Let us consider the Kallen-Lehmann representation for the two-point function of scalar fields

$$ \langle \Omega | T\left\{\phi(x) \phi(y)\right\}|\Omega\rangle = \int \frac{d^4 p}{(2\pi)^4} e^{ip\cdot (x-y) }i \Pi(p^2) $$

where $\Pi(p^2)$ is expressed in terms of a spectral density function $\rho(p^2)$

$$ \Pi(p^2) \equiv \int_0^{\infty}dq^2 \frac{\rho(q^2)}{p^2-q^2+i\epsilon}. $$

The density $\rho(p^2)$ is real and positive, and hence $\rho(q^2)=-\frac{1}{\pi}\text{Im}\left[\Pi(q^2)\right]$.

Is there a general non-perturbative argument and not relying on the specific dynamics of the theory, to conclude that $\Pi(p^2)$ has branch-cuts starting at $p^2=m_{th}^2$ where $m_{th}$ is possibly a threshold mass corresponding to production of $n$-particles state?
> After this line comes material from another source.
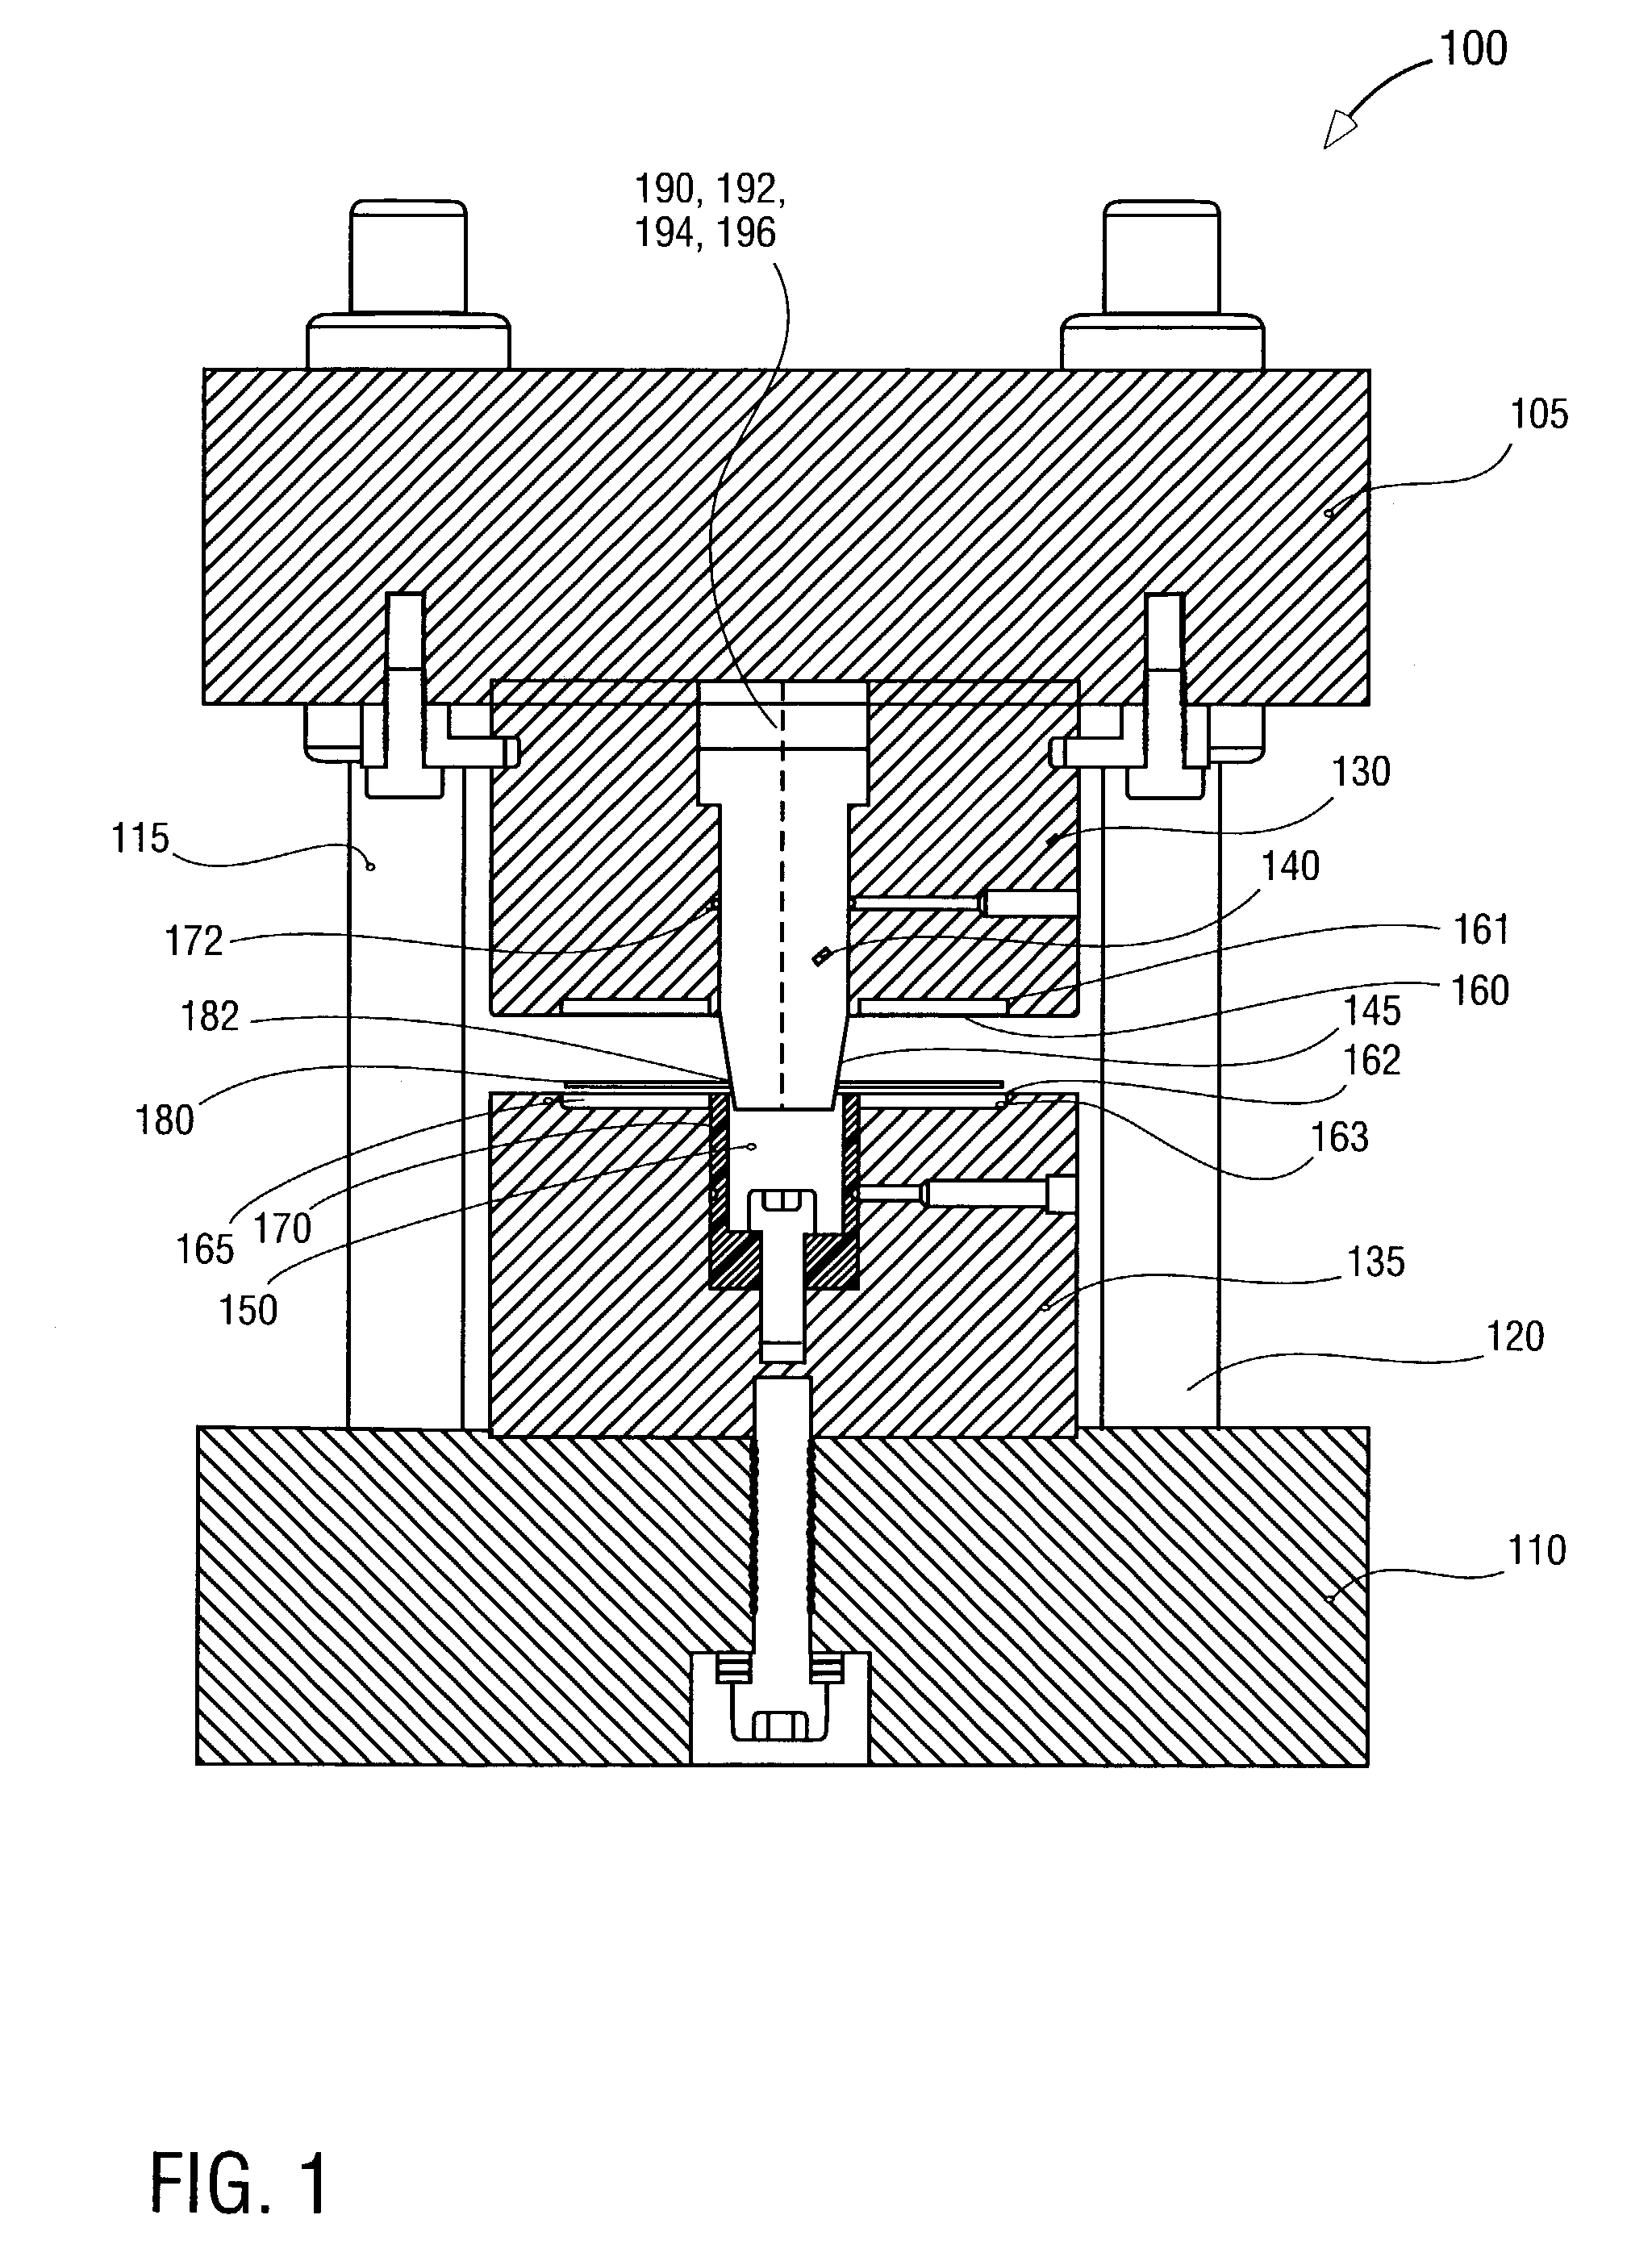 Disk alignment apparatus and method for patterned media production

I am not aware of any such general non-perturbative result. For instance, this statement is usually shown in explicit simple examples at one-loop level and perturbation theory (e.g. see Eq.24.77 of [1]), so I think this result is perturbative. Any comment on this?


[1] : M. Schwartz, Quantum Field Theory and the Standard Model, Cambridge University Press (2013)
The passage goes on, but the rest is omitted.